===== Data

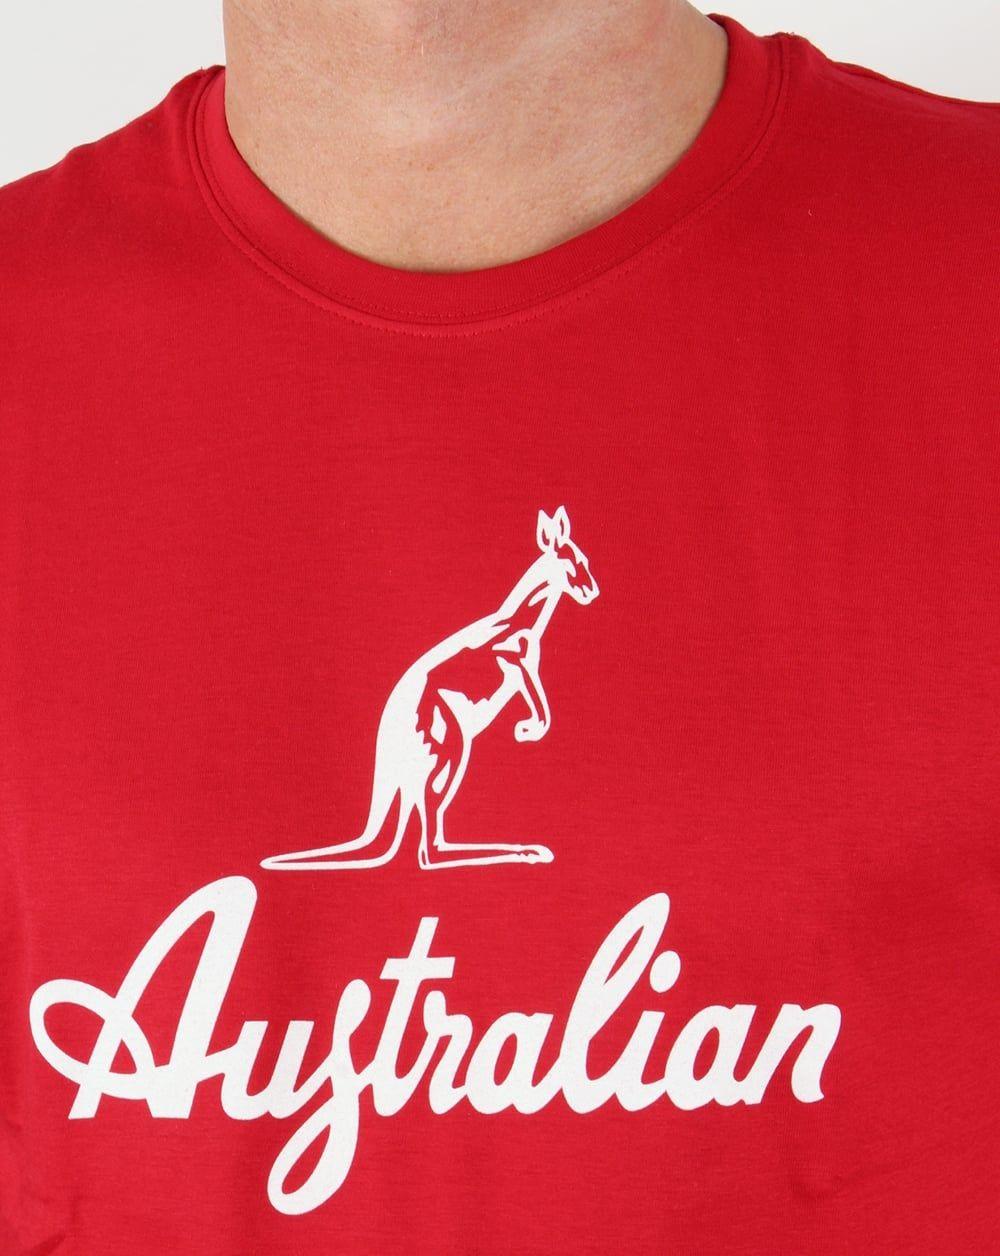 Red and White Kangaroo Logo - australian logo carrier tee
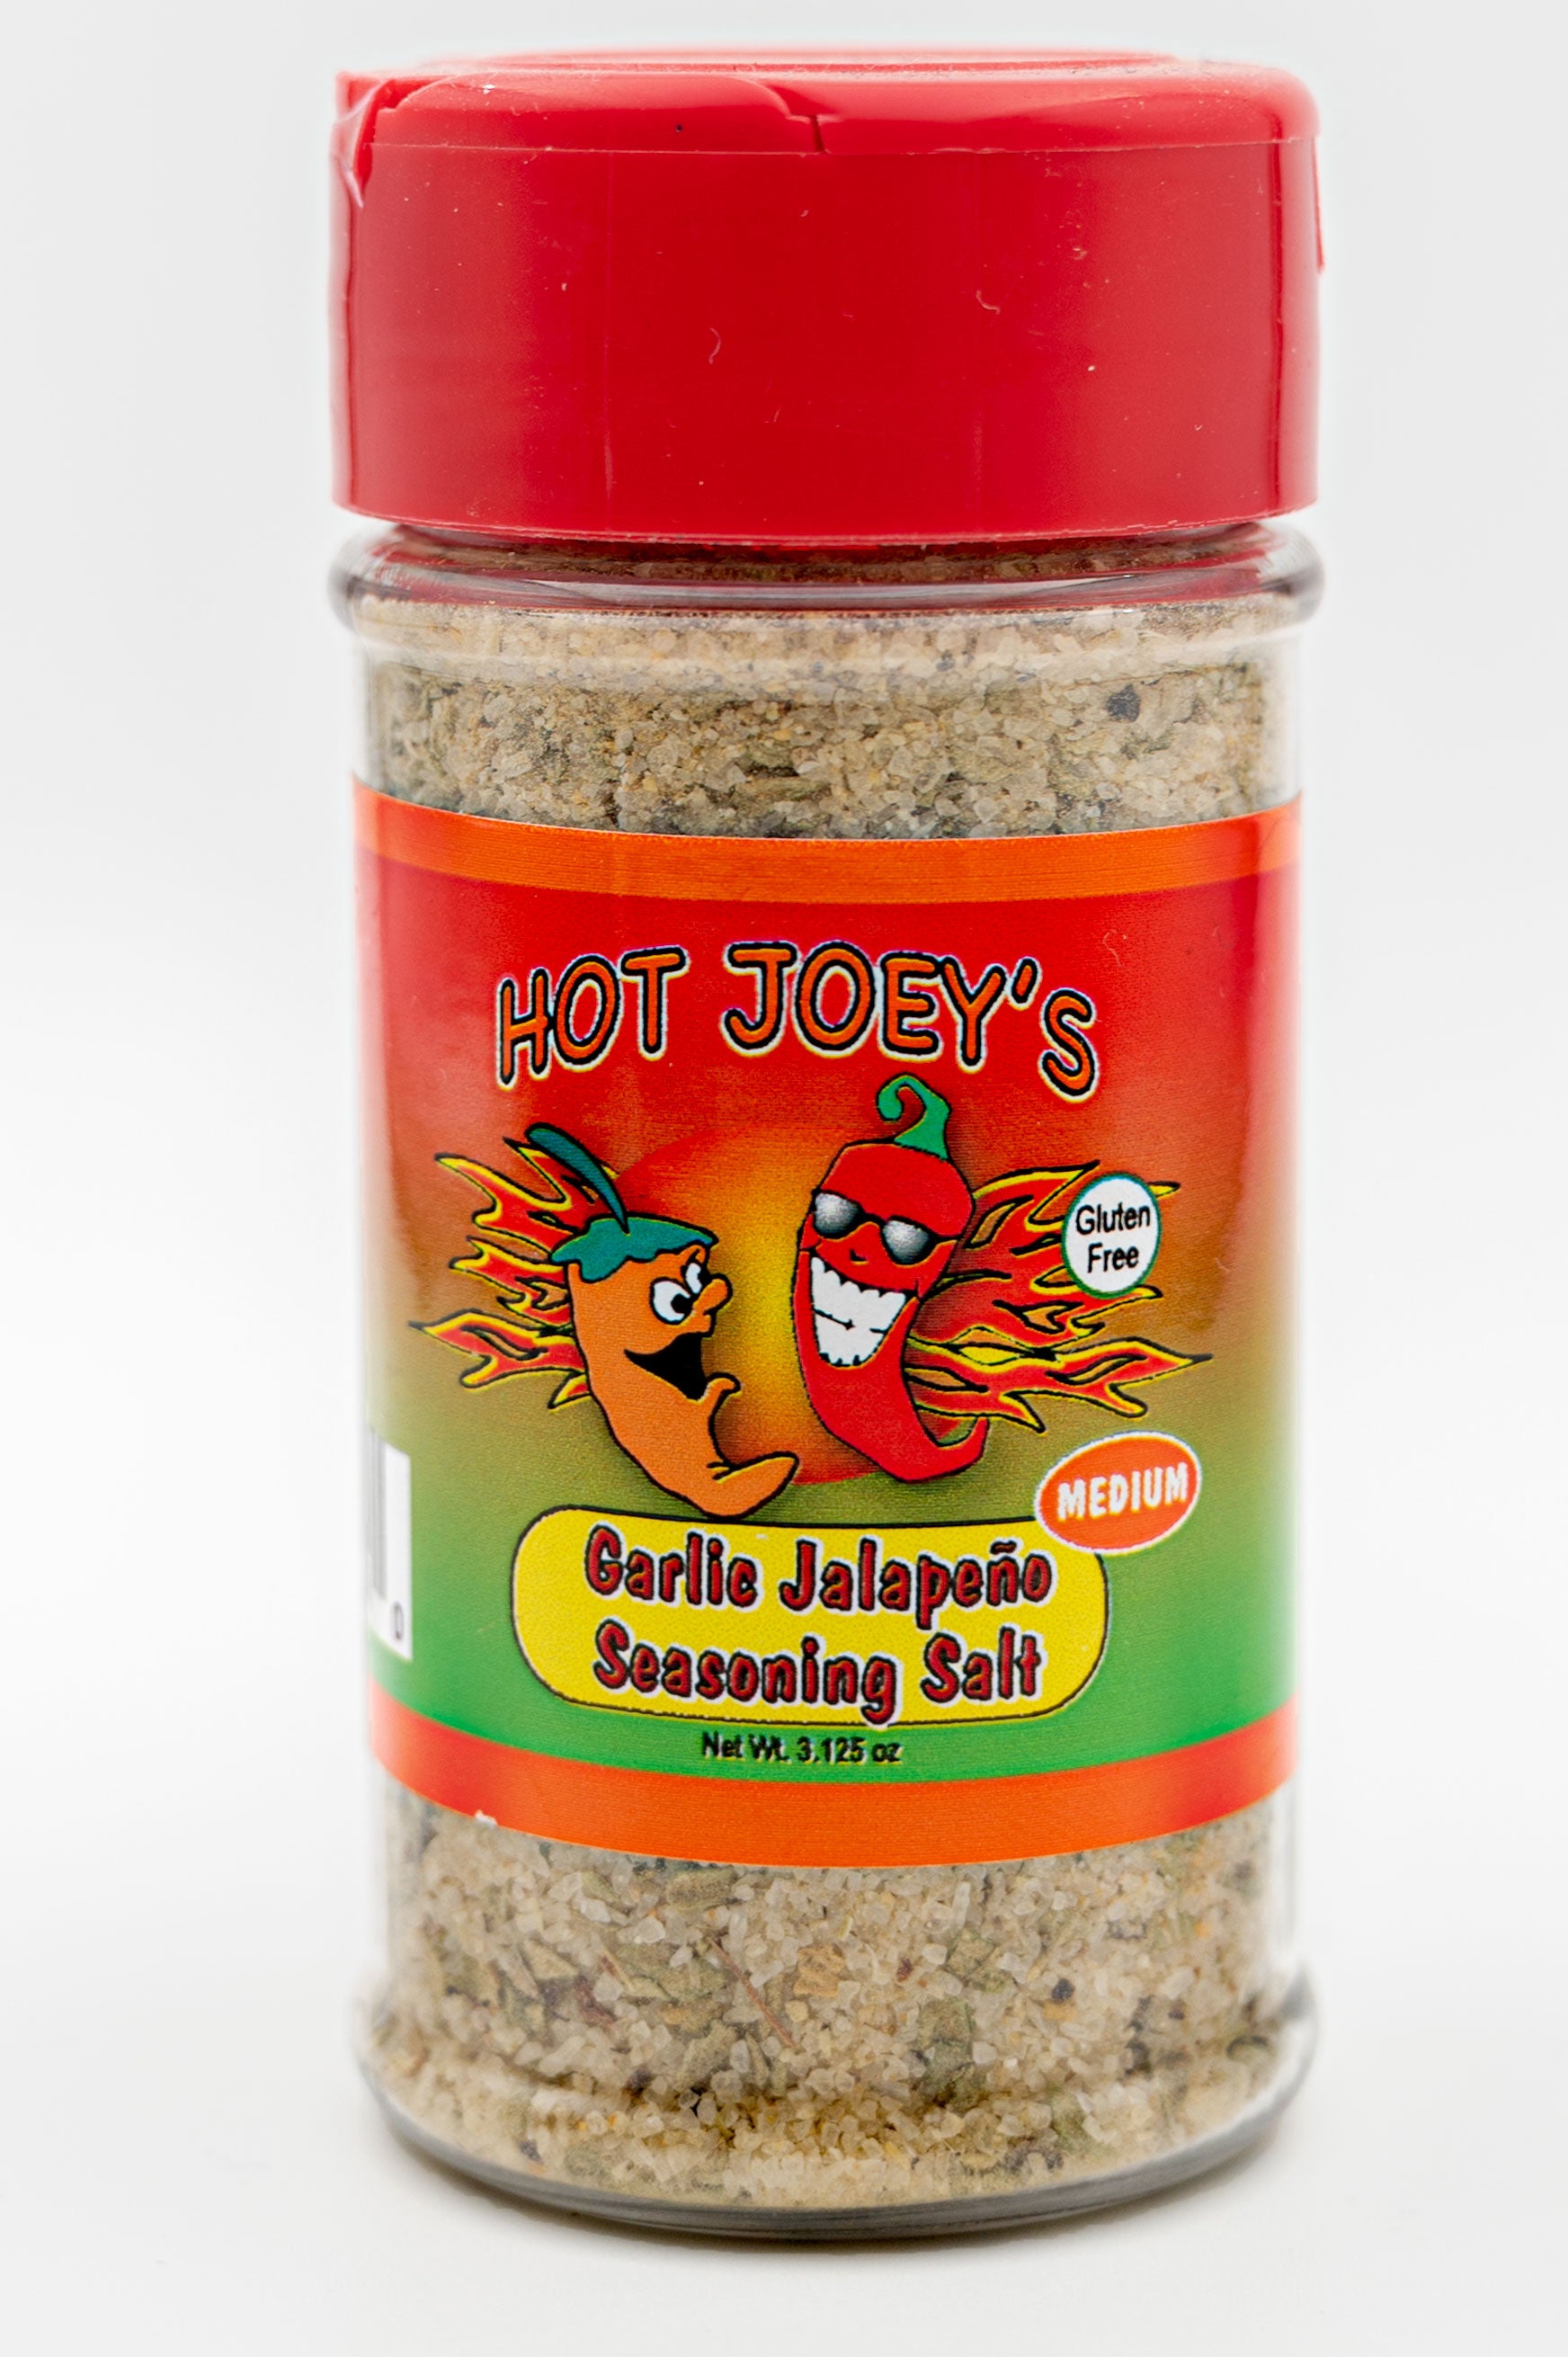 Garlic Jalapeno Seasoning Salt (Net Wt: 3.125oz) – Hot Joey's Hot
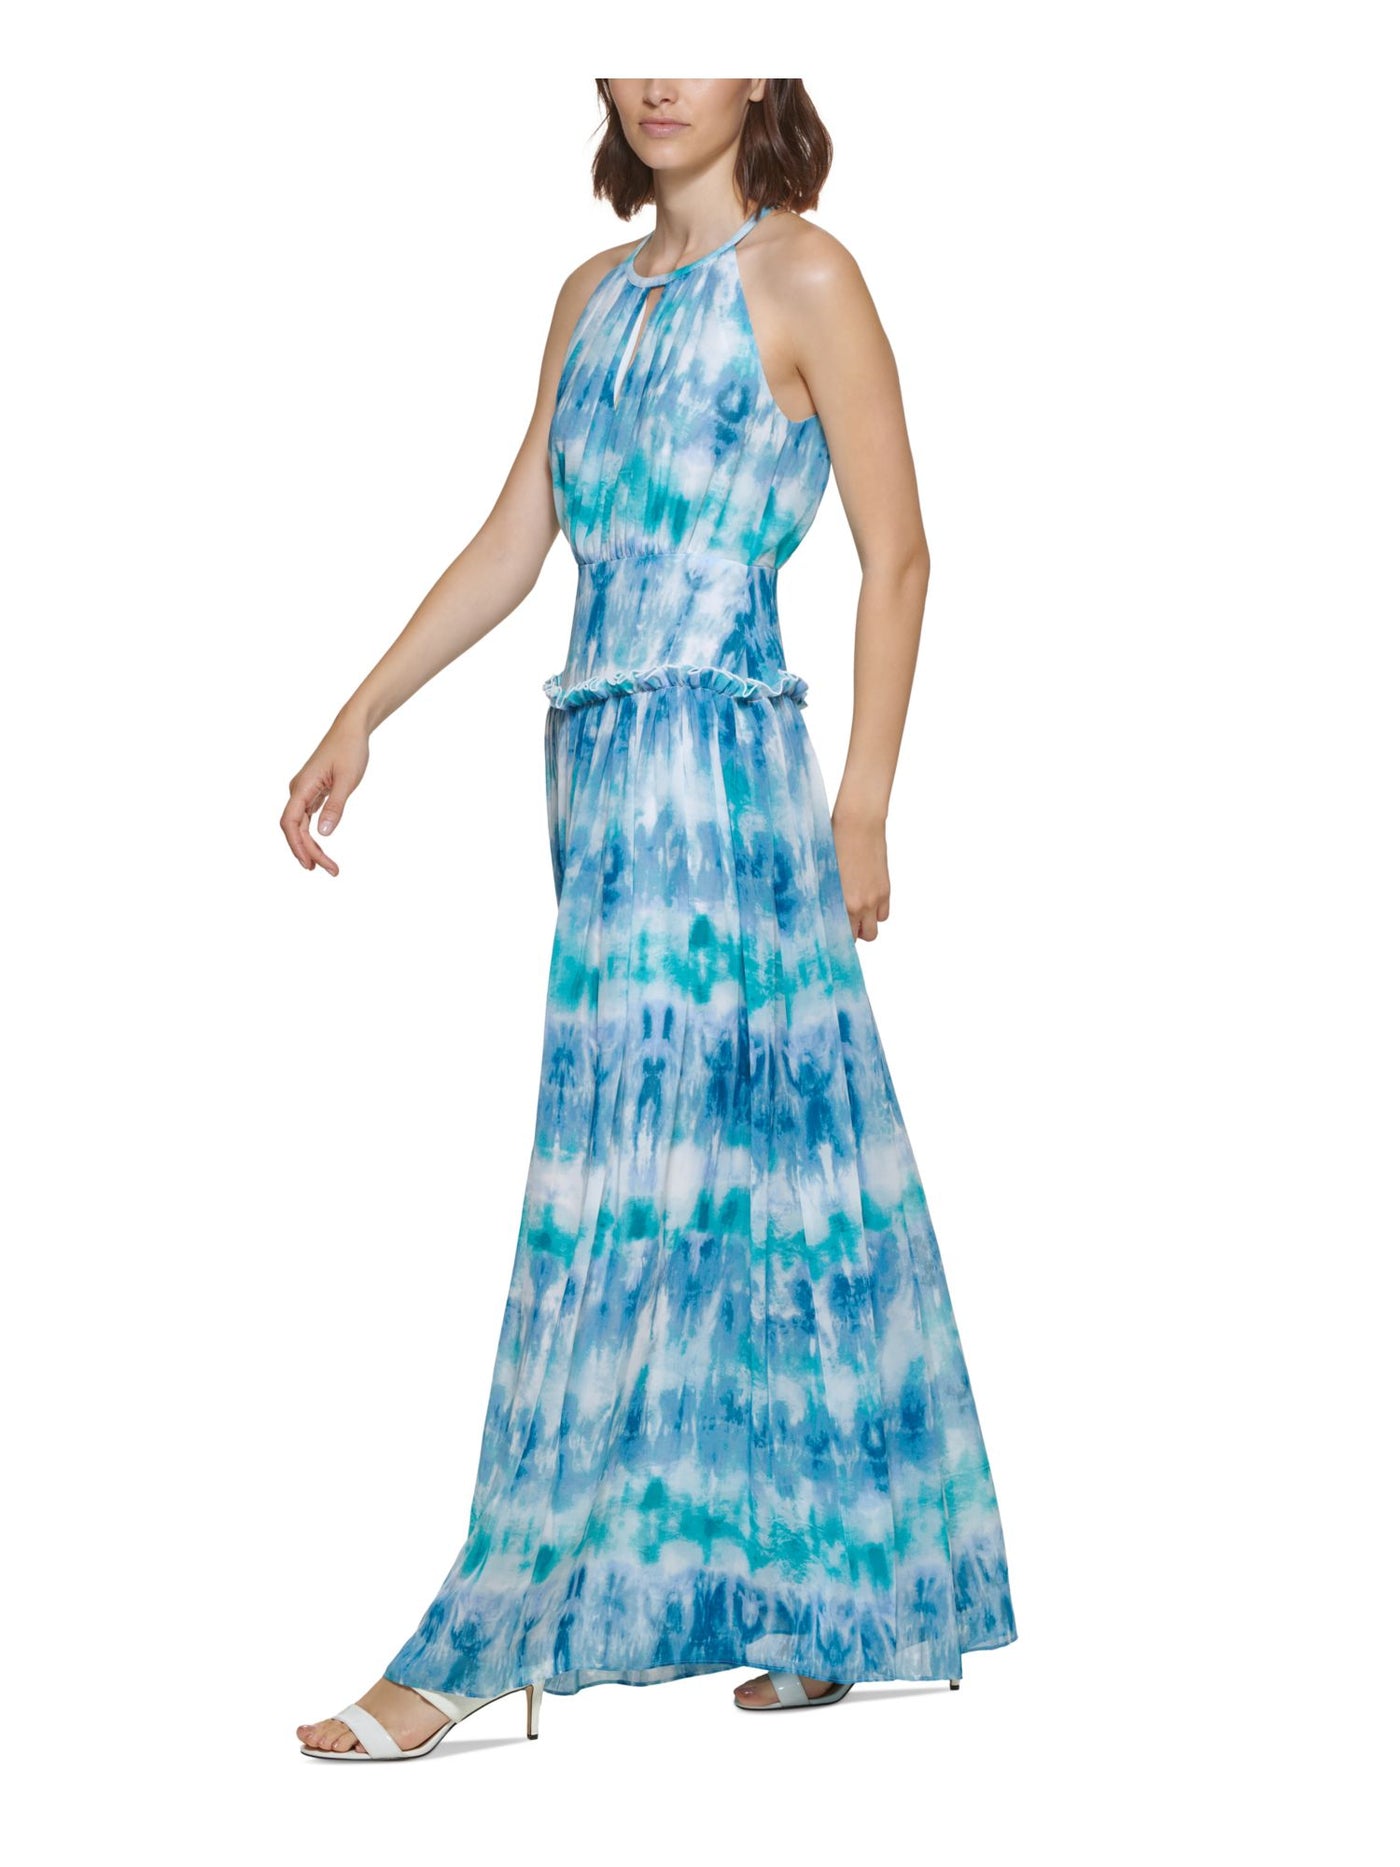 CALVIN KLEIN Womens Blue Zippered Cut Out Ruffle Trim Tie Dye Sleeveless Round Neck Full-Length Formal Gown Dress 8

==========

*Problem requirements*: All pictures should be dropped; the lines from the one containing "Garlic Jalapeno Seasoning" through the last line of the material are to be set down exactly.

*Result*:
 Garlic Jalapeno Seasoning Salt (Net Wt: 3.125oz) – Hot Joey's Hot
 CALVIN KLEIN Womens Blue Zippered Cut Out Ruffle Trim Tie Dye Sleeveless Round Neck Full-Length Formal Gown Dress 8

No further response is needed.